The US National Security Agency (NSA) released this week a warning for organizations in the country that report not using wildcard TLS certificates due to a new attack called ALPACA TLS.
The NSA urges all agencies to follow its technical advice as attackers could gain access to and decrypt encrypted web traffic.
The dangers of using wildcard TLS certificates
Although there are many different scenarios and attacks that could help attackers decrypt every move with TLS encryption, the NSA specifically emphasized the use of wildcard TLS certificates, something that many security researchers have been warning about for years.1, 2, 3, 4, 5, 6] ..
Also known as a domain-validated certificate, a wildcard certificate is a TLS digital certificate that companies purchase from certification authorities and allow the holder to apply it simultaneously to a domain and all of its subdomains (* .example.com).
Over the years, companies have started using wildcard certificates because of the reduced cost but also because they are easier to manage, as administrators can apply the same certificate to all sites instead of having to manage a different one for each subdomain.
However, this ease of use is also the Achilles heel of technology, as once a malicious user breaches a server, it breaches virtually the entire company.
"A malicious user gaining control of a private key from a wildcard certificate will be able to impersonate any of the company's websites and gain access to valid user credentials and protected information," the NSA said Thursday.
The U.S. Department of Homeland Security is now calling on administrators of both public and private networks to re-evaluate the need to use a wildcard certificate on their networks and prepare for the implementation of individual certificates to isolate and mitigate potential breaches.
The new ALPACA attack
In addition, the NSA publication is accompanied by a warning about the new ALPACA attack, (from the Application Layer Protocol Content Confusion Attack), which was disclosed this summer and uses wildcard certificates.

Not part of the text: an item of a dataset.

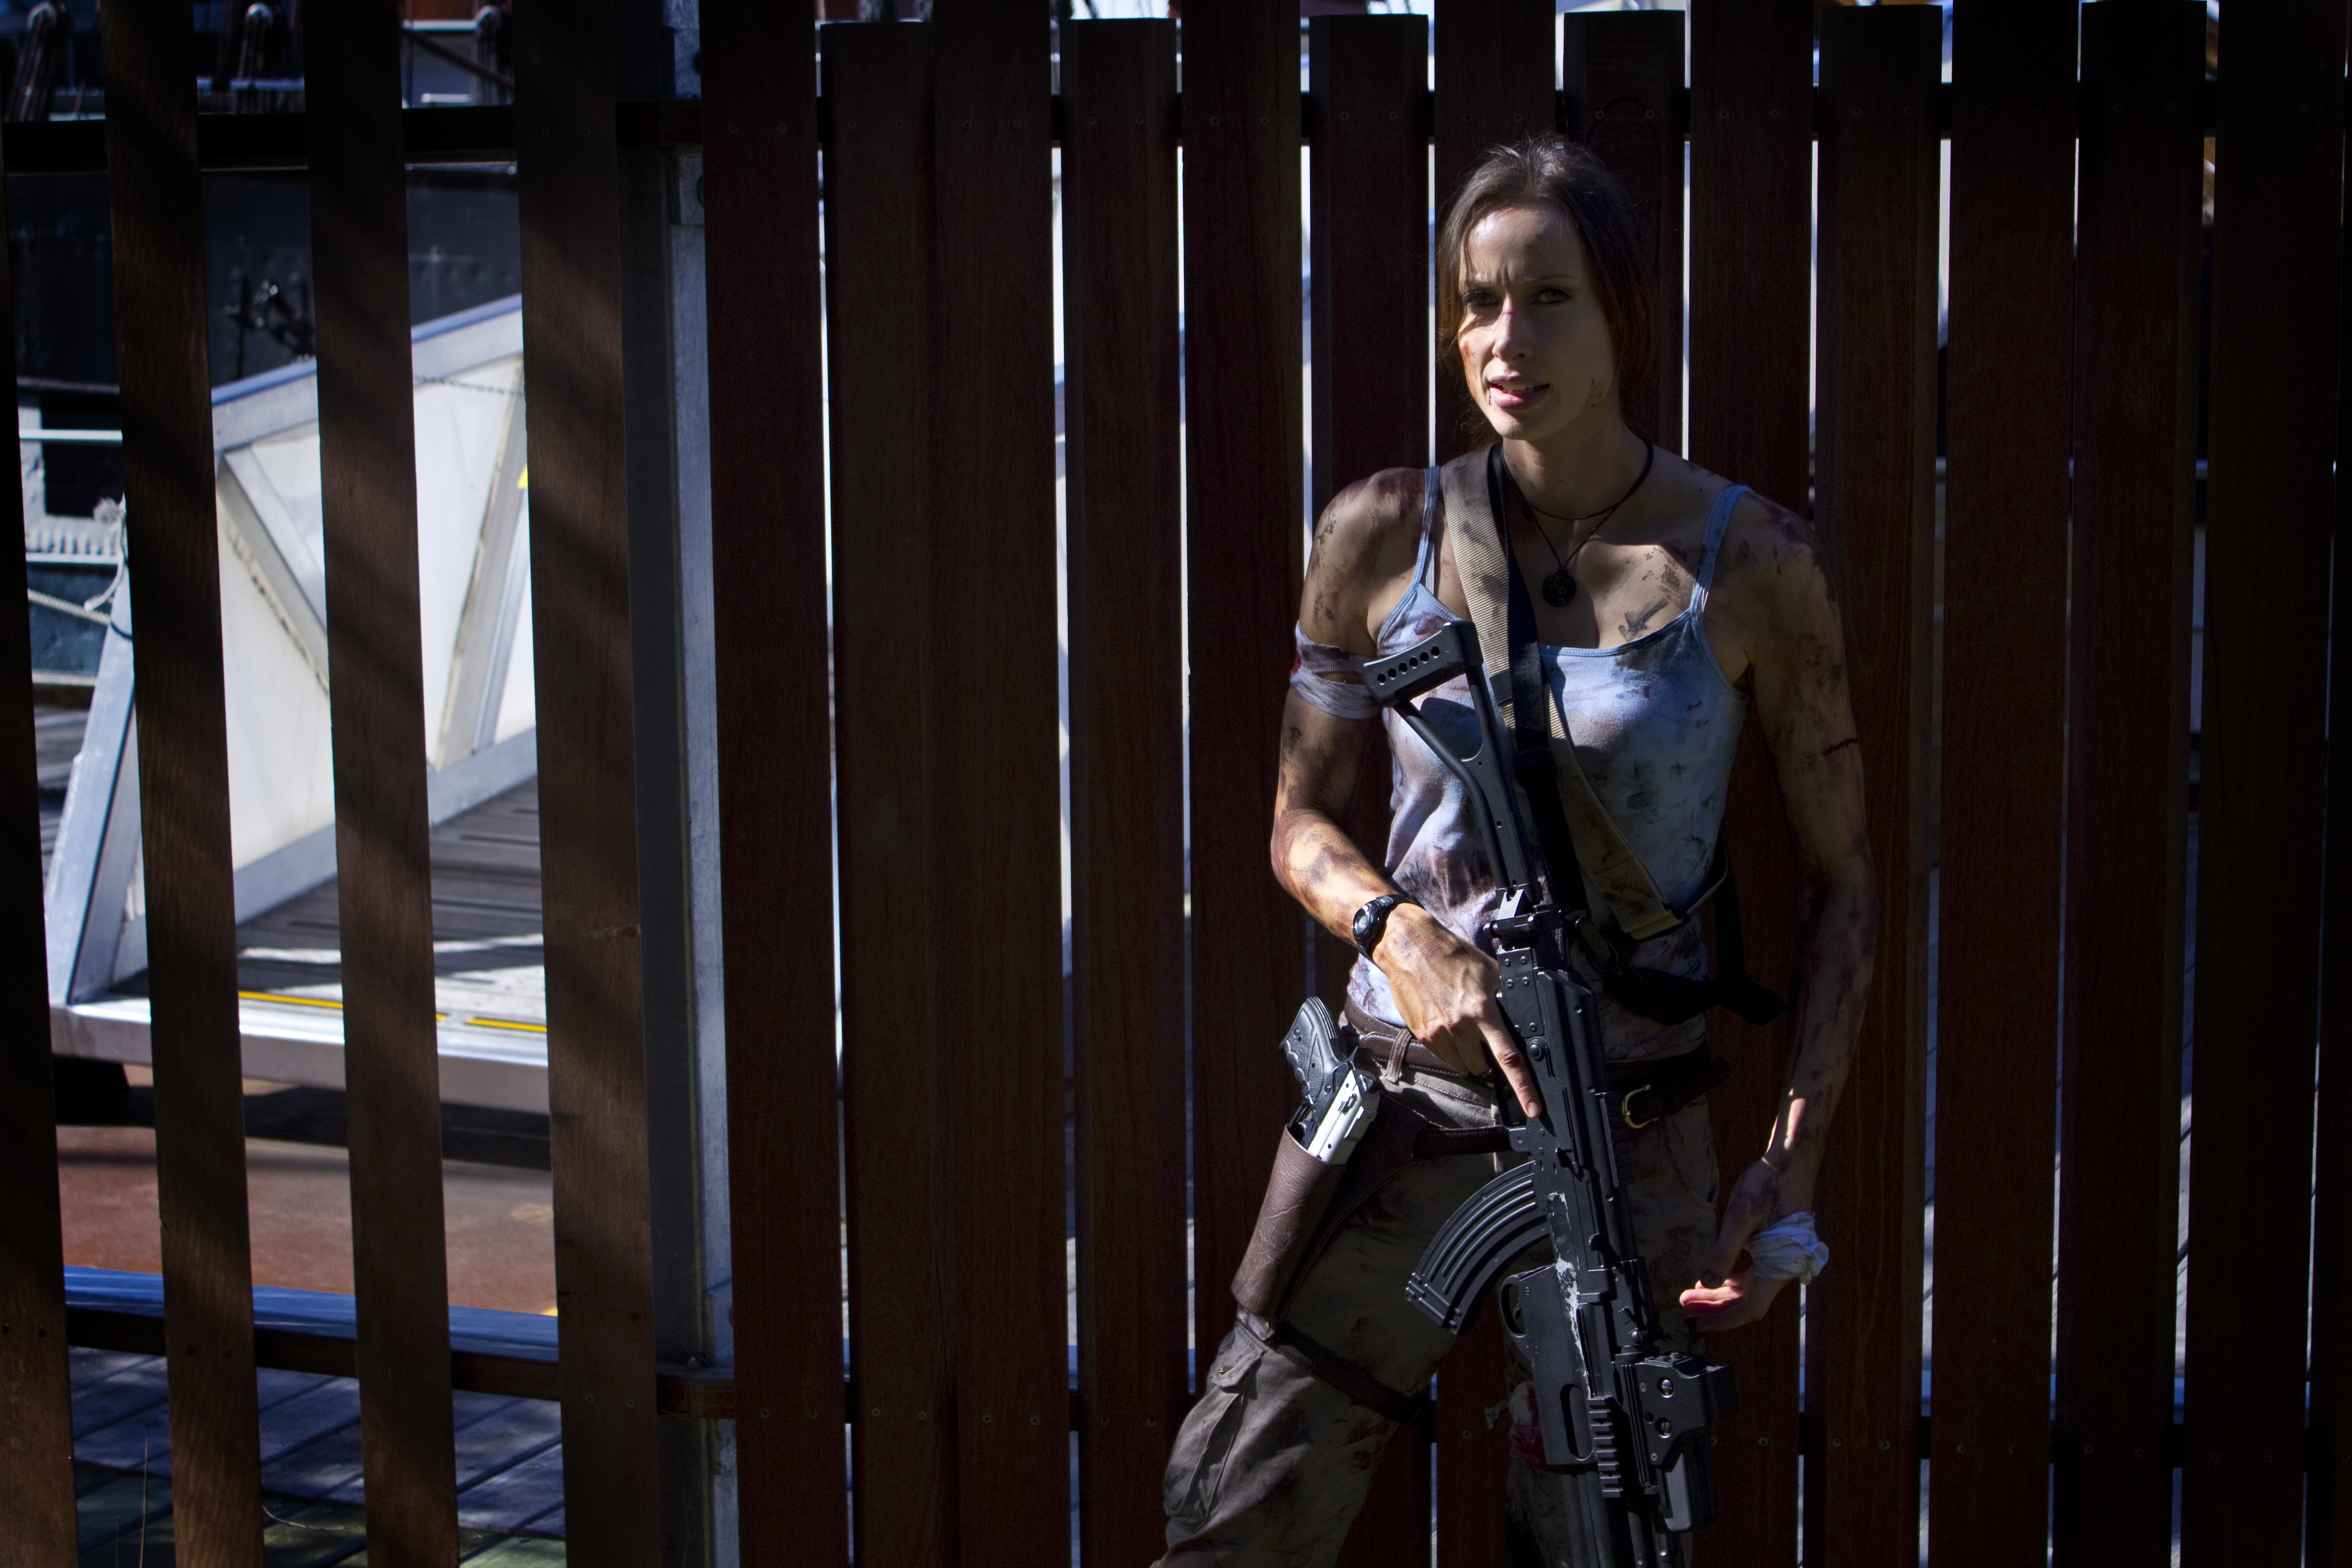 Lara Croft - Rest by ShonaAdventures

With a simple explanation, this attack allows the attacker to confuse web servers running multiple protocols to respond to encrypted HTTPS requests via unencrypted protocols, FTP, email (IMAP, POP3) and more.
A successful attack “can extract session cookies and other private data users or run arbitrary JavaScript on the vulnerable web server, bypassing TLS and web application security," according to the research team that discovered the ALPACA attack.

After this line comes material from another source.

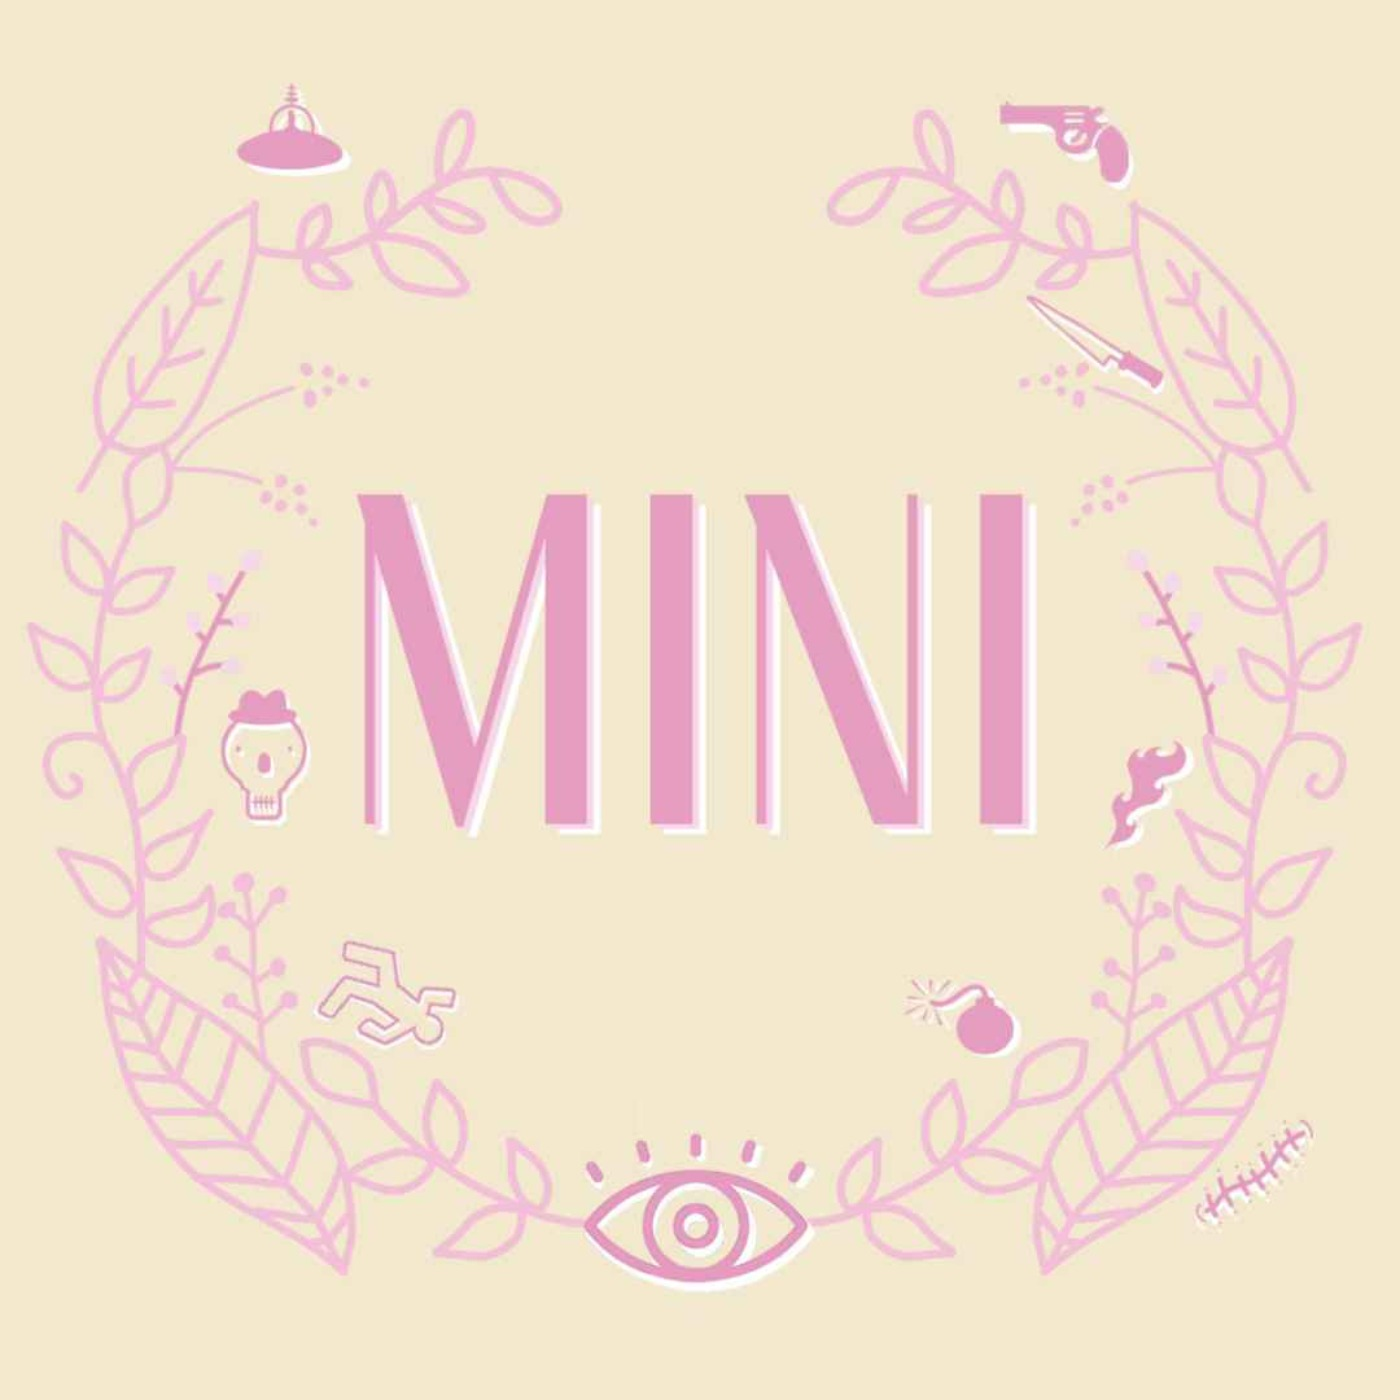 Mini 4: Alexis Goggins

At the time it was revealed in June, the problem was not taken seriously because an ALPACA attack required attackers to be able to intercept web traffic, which is difficult in some scenarios.
But the research team that discovered the attack said more than 119.000 web servers were vulnerable to ALPACA attacks, a significant number.
Protection
Four months later, the NSA urges all agencies to think seriously about this issue, and to check if their servers are vulnerable, especially if the organizations are dealing with sensitive information or belong to the US government network.
The NSA recommends enabling Application-Layer Protocol Negotiation (ALPN), which is a extension TLS which prevents web servers from responding to requests via disallowed protocols (such as FTP, IMAP, or anything else the server owner decides not to allow).
Let's say that Google already implemented protection techniques for the ALPACA attack in the Chrome browser.